Im StaRUG ist die Vergleichsrechnung Bestandteil des Restrukturierungsplans, der in Anlehnung an den Insolvenzplan ebenfalls u. a. aus einem darstellenden und einem gestaltenden Teil besteht. In der StaRUG-Vergleichsrechnung muss das Unternehmen mindestens drei Szenarien zur Gläubigerbefriedigung aufzeigen:

  1. Die Fortführung des Unternehmens im Wege der Restrukturierungsplanumsetzung
  2. Die außerinsolvenzliche Veräußerung des Unternehmens
  3. Die Liquidation oder Veräußerung des Unternehmens im Wege eines Insolvenzverfahrens (Insolvenzszenario)
Die beiden letzten Szenarien dienen dazu, den Gläubigern die Alternativen zum Restrukturierungsplan darzustellen.

Vermögensstatus nach § 153 InsO

Der Vermögensstatus ist eine geordnete Aufstellung des Vermögens und der Schulden eines Unternehmens. Die Bewertung erfolgt zu Fortführungs- und zu Liquidationswerten. Zusätzlich werden insolvenzspezifische Sicherungsrechte erfasst.

Sinn und Zweck des 153er Status ist es, einen Überblick über die Vermögenslage des Unternehmens unter Insolvenzbedingungen zu bekommen. Daraus lassen sich wesentliche Erkenntnisse gewinnen, wie die Sanierung des Unternehmens aussehen kann. Das hilft häufig auch in der Argumentation, warum insbesondere eine Sanierung ohne Insolvenz die bessere Lösung ist.

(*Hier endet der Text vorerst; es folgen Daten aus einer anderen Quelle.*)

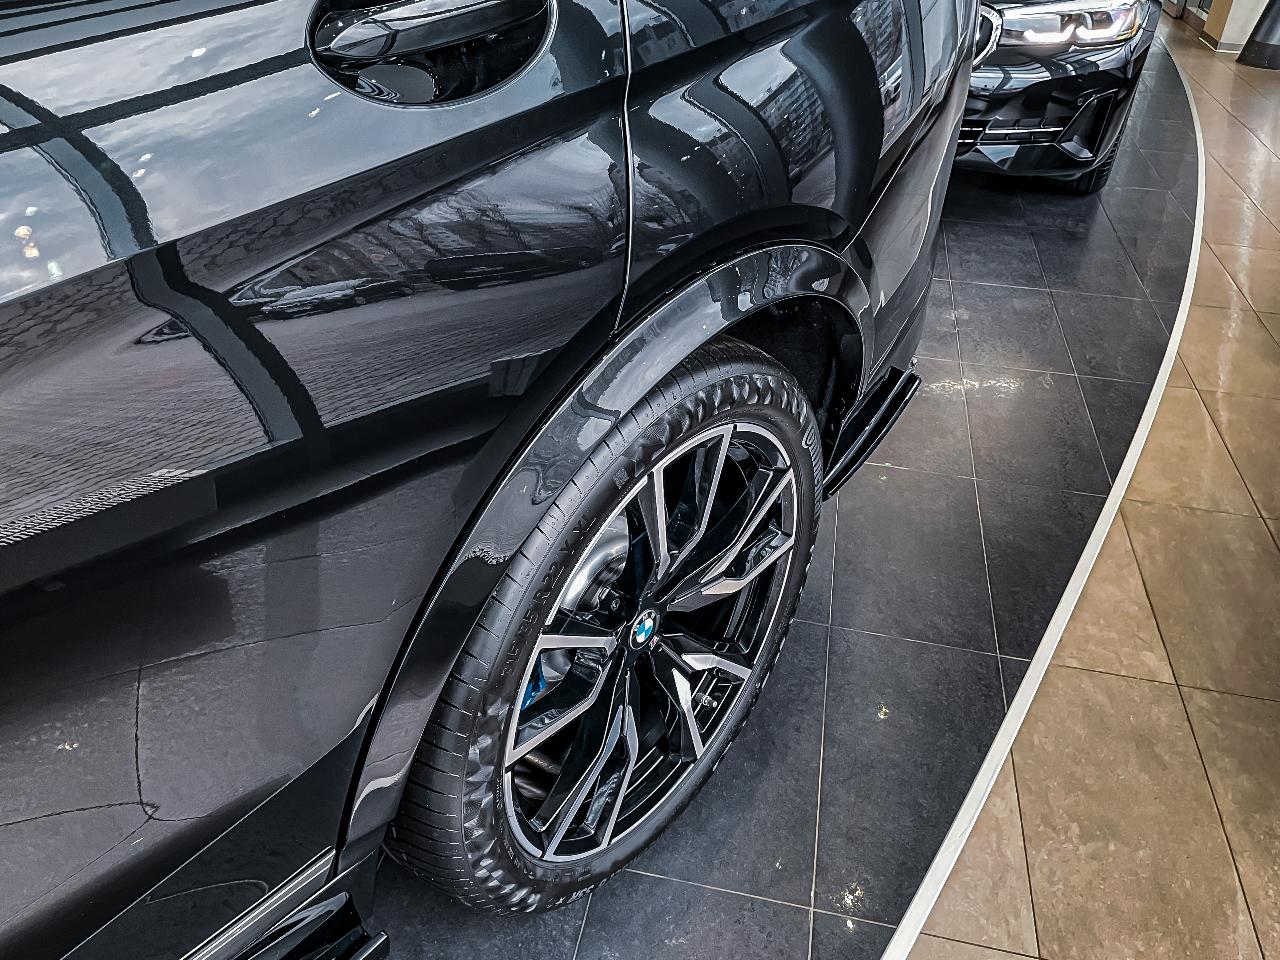 Расширение кузова для BMW X7

Verwaltungs- und Verfügungsmacht

Im Regelinsolvenzverfahren geht die Verwaltungs- und Verfügungsgewalt spätestens mit Verfahrenseröffnung auf den Insolvenzverwalter über. In der Eigenverwaltung verbleibt die Verwaltungs- und Verfügungsgewalt bei der Eigenverwaltung (Geschäftsführung und CRO). Das Verfahren bleibt somit für die Geschäftsführung steuerbar. Das Gericht bestellt zur Überwachung der Tätigkeiten der Eigenverwaltung einen Sachwalter.

Vorläufiger Insolvenzverwalter

Vom Insolvenzgericht in der Regel bei laufendem Geschäftsbetrieb des Schuldnerunternehmens eingesetzte, natürliche Person, der das Gericht im Einzelfall festzulegende Rechte und Pflichten überträgt (sog. vorläufiger „schwacher“ Insolvenzverwalter) oder auf den bereits im Eröffnungsverfahren die gesamte Verwaltungs- und Verfügungsbefugnis übergeht (sog. vorläufiger „starker“ Insolvenzverwalter).